Task requirements: Leave every image out, and return the rest of the data word for word.

Collected data:
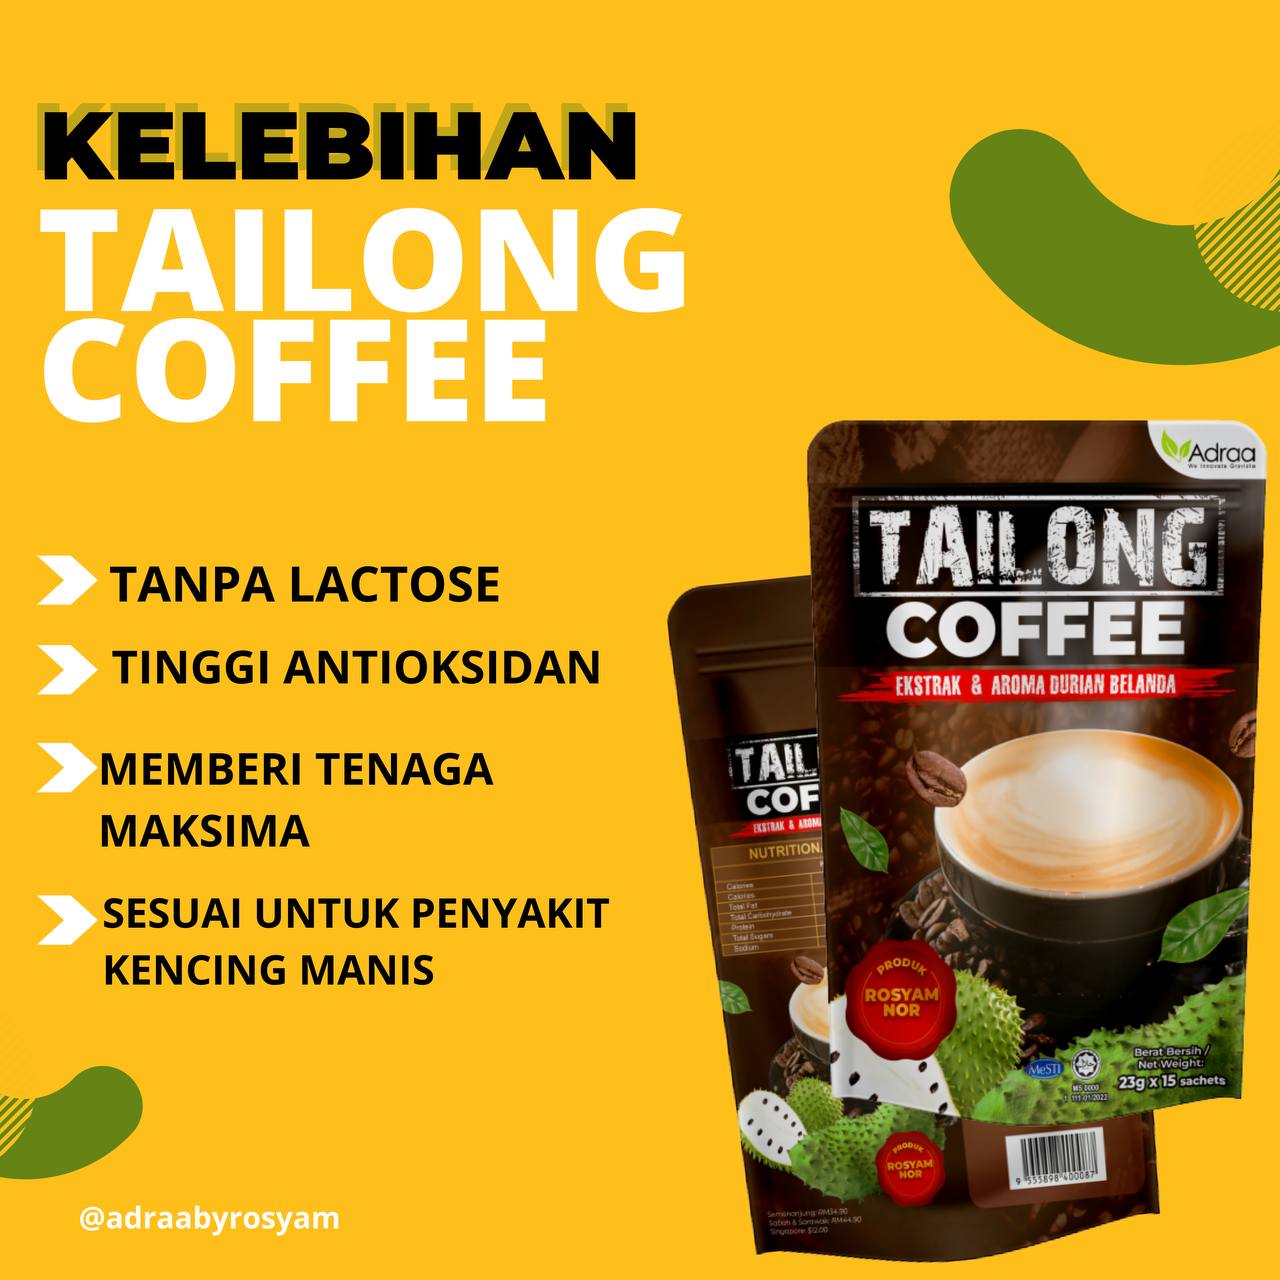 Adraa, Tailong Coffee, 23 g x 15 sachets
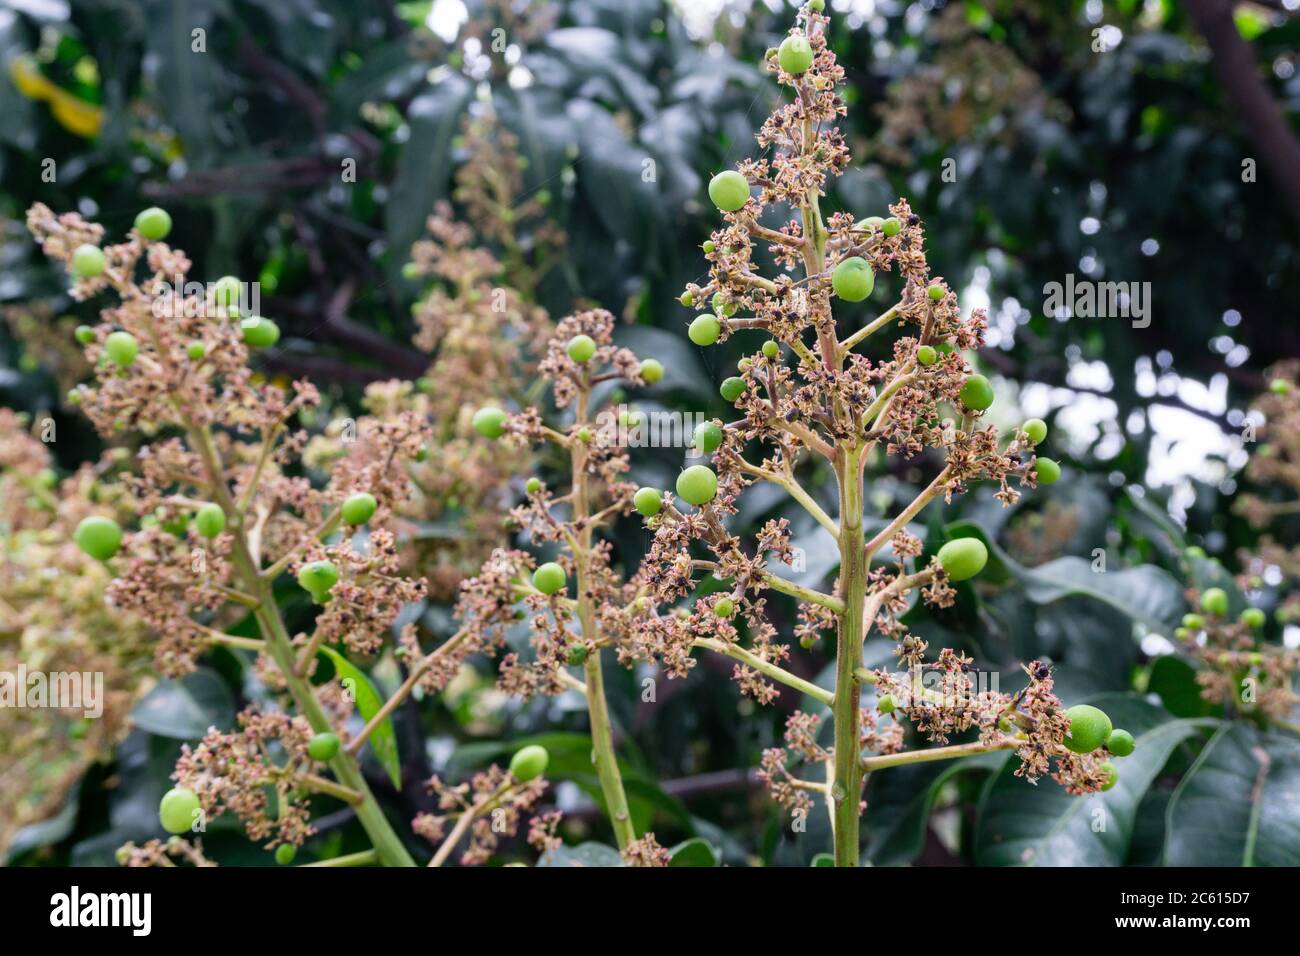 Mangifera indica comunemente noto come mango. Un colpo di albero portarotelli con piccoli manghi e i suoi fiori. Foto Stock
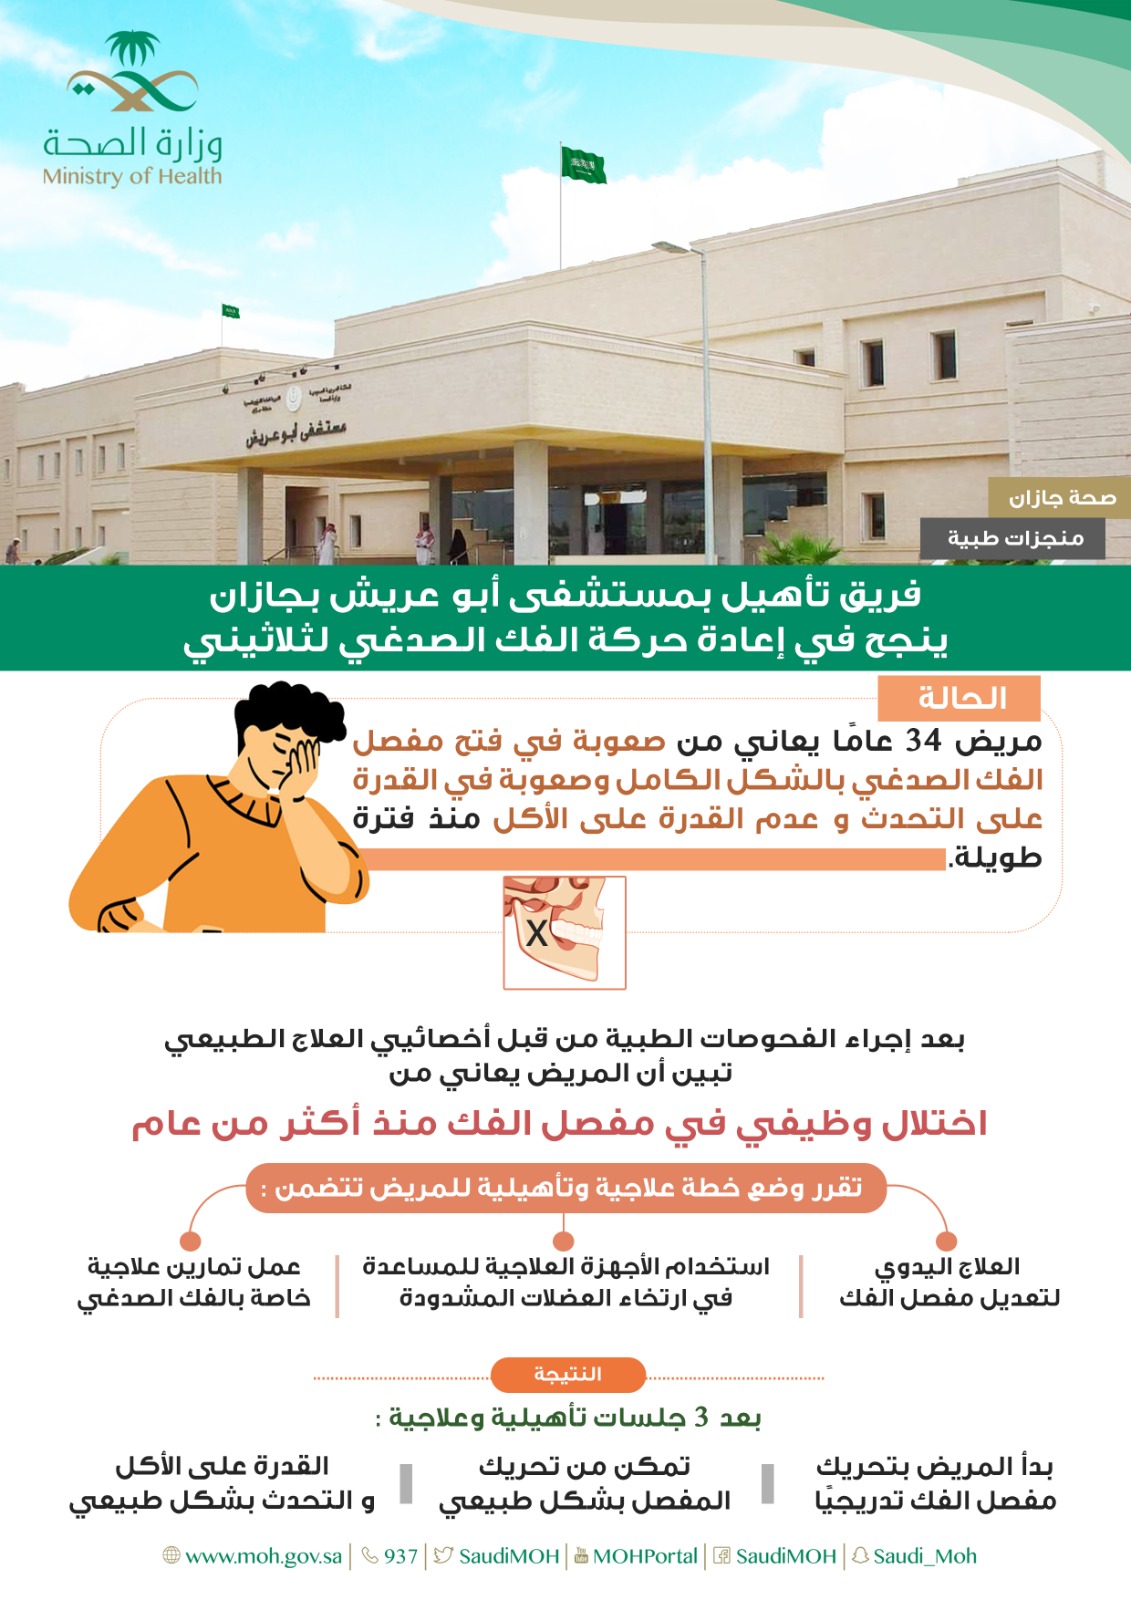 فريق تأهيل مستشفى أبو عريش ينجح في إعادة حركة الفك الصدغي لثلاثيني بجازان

Written solution:
 Adraa, Tailong Coffee, 23 g x 15 sachets
 Mangifera indica comunemente noto come mango. Un colpo di albero portarotelli con piccoli manghi e i suoi fiori. Foto Stock
 فريق تأهيل مستشفى أبو عريش ينجح في إعادة حركة الفك الصدغي لثلاثيني بجازان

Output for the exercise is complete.